The aim is to examine patient engagement with multiple digital phenotyping methods among patients receiving buprenorphine medication for OUD.

Methods

The study enrolled 65 patients receiving buprenorphine for OUD between June 2020 and January 2021 from 4 addiction medicine programs in an integrated health care delivery system in Northern California.
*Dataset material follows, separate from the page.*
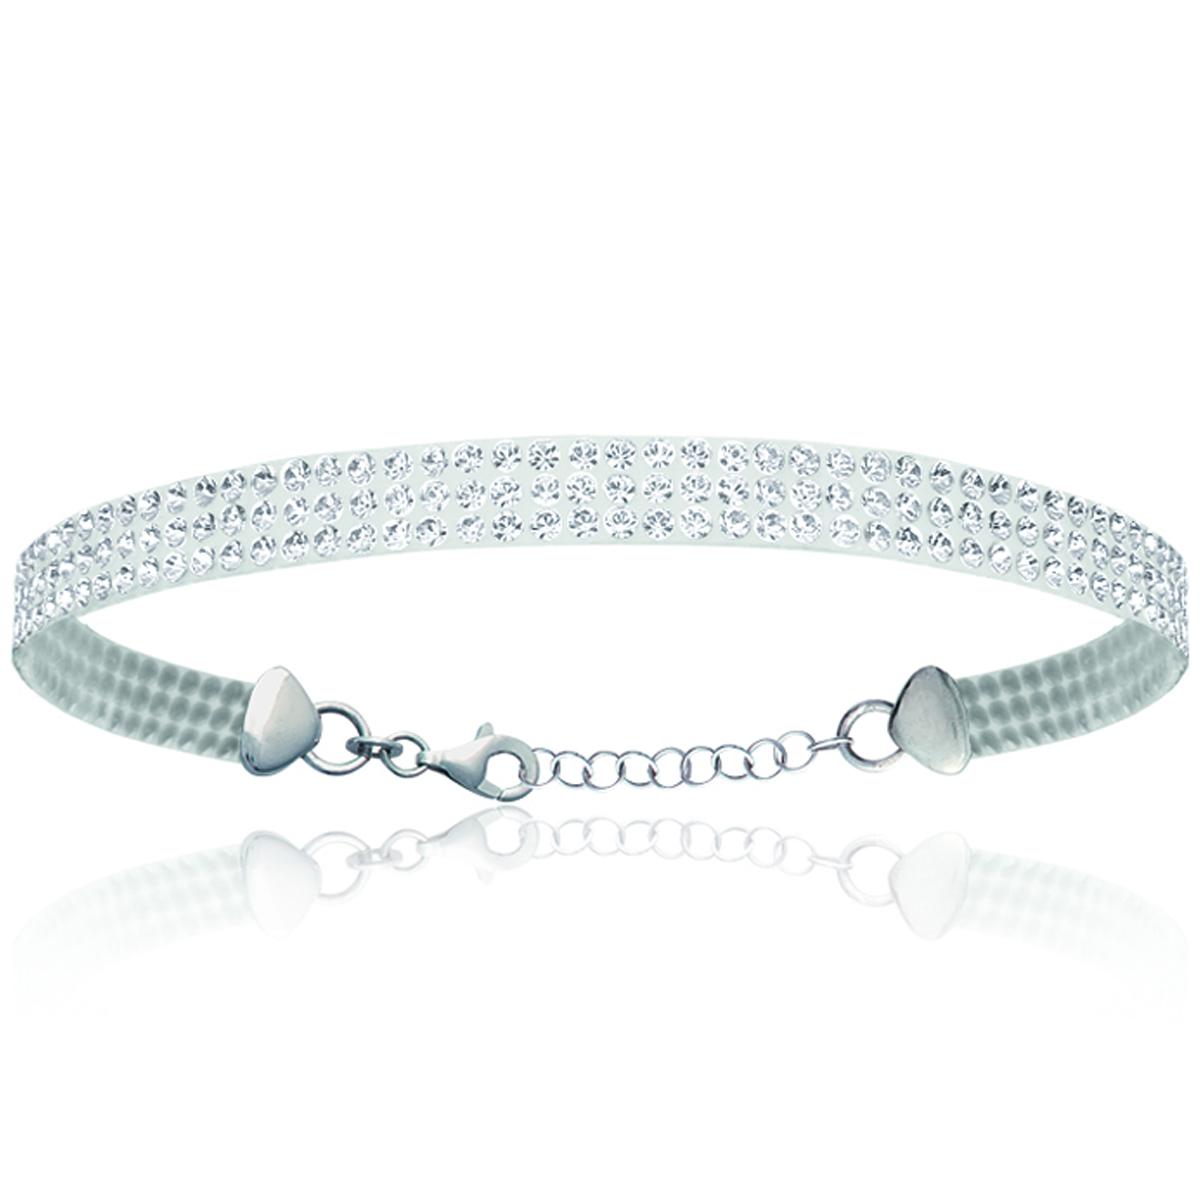 Bracelet Argent \'Sissi\' blanc cristal - 19 cm 6 mm - [M7325]

Ecological momentary assessment (EMA), sensor data, and social media data were collected by smartphone, smartwatch, and social media platforms over a 12-week period. Primary engagement outcomes were meeting measures of minimum phone carry (≥8 hours per day) and watch wear (≥18 hours per day) criteria, EMA response rates, social media consent rate, and data sparsity. Descriptive analyses, bivariate, and trend tests were performed.

Results

The participants’ average age was 37 years, 47% of them were female, and 71% of them were White. On average, participants met phone carrying criteria on 94% of study days, met watch wearing criteria on 74% of days, and wore the watch to sleep on 77% of days. The mean EMA response rate was 70%, declining from 83% to 56% from week 1 to week 12. Among participants with social media accounts, 88% of them consented to providing data; of them, 55% of Facebook, 54% of Instagram, and 57% of Twitter participants provided data. The amount of social media data available varied widely across participants. No differences by age, sex, race, or ethnicity were observed for any outcomes.

Conclusions

To our knowledge, this is the first study to capture these 3 digital data sources in this clinical population. Our findings demonstrate that patients receiving buprenorphine treatment for OUD had generally high engagement with multiple digital phenotyping data sources, but this was more limited for the social media data.